Vision: openai/clip-vit-large-patch14, penultimate layer patch features (frozen)
Connector: 2-layer MLP with GELU, 1024→1536→1536 (the only trained weights)
LLM: Qwen/Qwen2.5-1.5B-Instruct (frozen)
Trainable / total: 3,935,232 / 1,850,414,592 (0.21%)

Training


Data	`UniverseTBD/AstroLLaVA_convos`, per-image held-out split: train 161,653 recs / 29,151 imgs, test 3,271 recs / 591 imgs (41 corrupt skipped)
Image prep	long side ≤ 384 px, JPEG
Objective	next-token cross-entropy on answer tokens only (connector-only)
Epochs / steps	3 epochs, 3,789 update steps
Effective batch	128 (per-device 8 × grad-accum 16)
LR / schedule	1e-3, cosine with 3% warmup
Precision	bf16 (autocast)
Max length	512 (+256 image tokens)
Hardware	1× RTX 6000 Ada (48 GB), ~26 samples/s, ~38 GB VRAM
Loss	~2.08 → ~1.50

checkpoint-3789 (epoch 3) is the recommended checkpoint; checkpoint-1300/-2500 are the epoch-1/epoch-2 points for comparison.

Usage

# 1. get the code
git clone https://github.com/crimsonKn1ght/astronomy-vlm && cd astronomy-vlm
pip install -r requirements.txt

# 2. download + unzip the recommended bundle
hf download grKnight/astrollava-stage1 astrollava-stage1-ep3.zip --local-dir .
unzip astrollava-stage1-ep3.zip -d ckpt

# 3. caption an image (CLIP + Qwen auto-download on first run)
python inference.py \
  --config ckpt/pretrain_astrollava.yaml \
  --checkpoint ckpt/checkpoint-3789 \
  --image your_astro_image.jpg \
  --prompt "Describe this astronomical image." \
  --temperature 0

The bundled predictions_test_ep*.jsonl hold the held-out outputs with their reference captions.
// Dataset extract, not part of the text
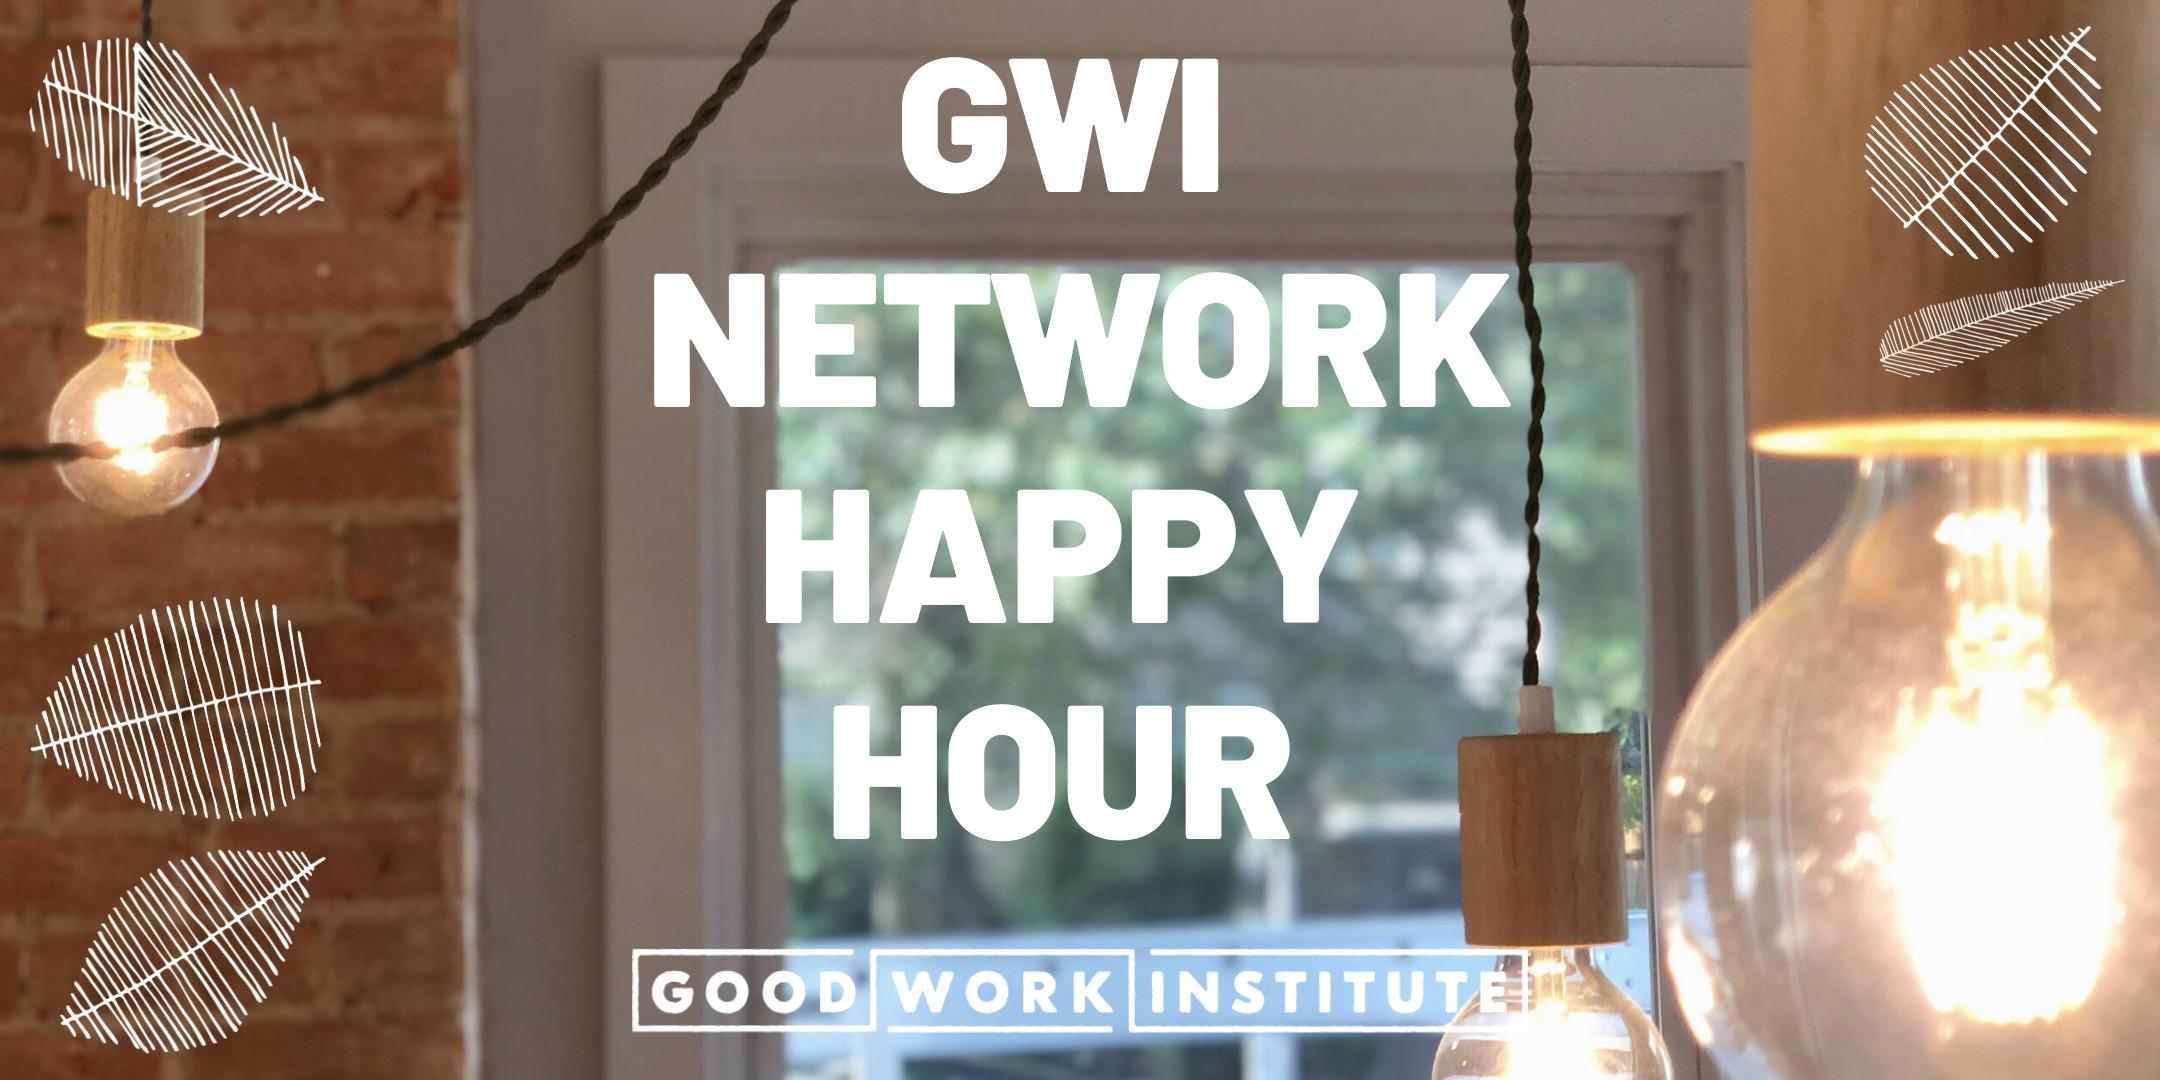 GWI Network Happy Hour

Capabilities & limitations

What it does well — it grounds on coarse visual structure (object class / morphology), and this generalizes to held-out images. On unseen test images, quality improved monotonically with training: epoch 1 misidentified objects, epoch 2 fixed the object category, and epoch 3 recovered specific objects — e.g. correctly naming SN 1987A and its ring and the Dumbbell Nebula, on images it never trained on. Because these are held-out, that's genuine generalization, not memorization.

What it doesn't — it hallucinates fine details (exact catalog numbers, telescopes, dates, distances), filling specifics from the frozen LLM's prior rather than the pixels. This is the expected Stage-1 ceiling: the connector supplies a coarse visual category and the frozen LLM improvises the rest. For factual specificity, a Stage-2 fine-tune (unfreezing the LLM, e.g. via LoRA, on the QA pairs) is the next step — more Stage-1 epochs do not fix it.

The held-out comparison above is a qualitative spot check on a few samples, not a full quantitative benchmark.

Reproduction

Each bundle includes a REPRODUCE.md pinning the exact code commit, base models, and package versions (torch 2.8.0+cu128, transformers 5.12.1). The split is seeded, so the build reproduces the exact train/test partition.

build:  python scripts/build_astrollava_trainset.py --include-qa --max-image-size 384 --test-fraction 0.02 --seed 42
train:  python train.py --config configs/pretrain_astrollava.yaml
eval:   python scripts/batch_inference.py --records-json datasets/astrollava_llava/test.json --num-samples 0 ...

License & attribution

Weights: cc-by-sa-4.0, inherited from the training data.
Training data: UniverseTBD/AstroLLaVA_convos (CC-BY-SA-4.0); imagery from NASA APOD, ESO, and NASA/ESA Hubble.
Base models: Qwen2.5-1.5B-Instruct (Apache-2.0), CLIP ViT-L/14 (OpenAI, MIT).
Built on the AstroLLaVA work (arXiv:2504.08583).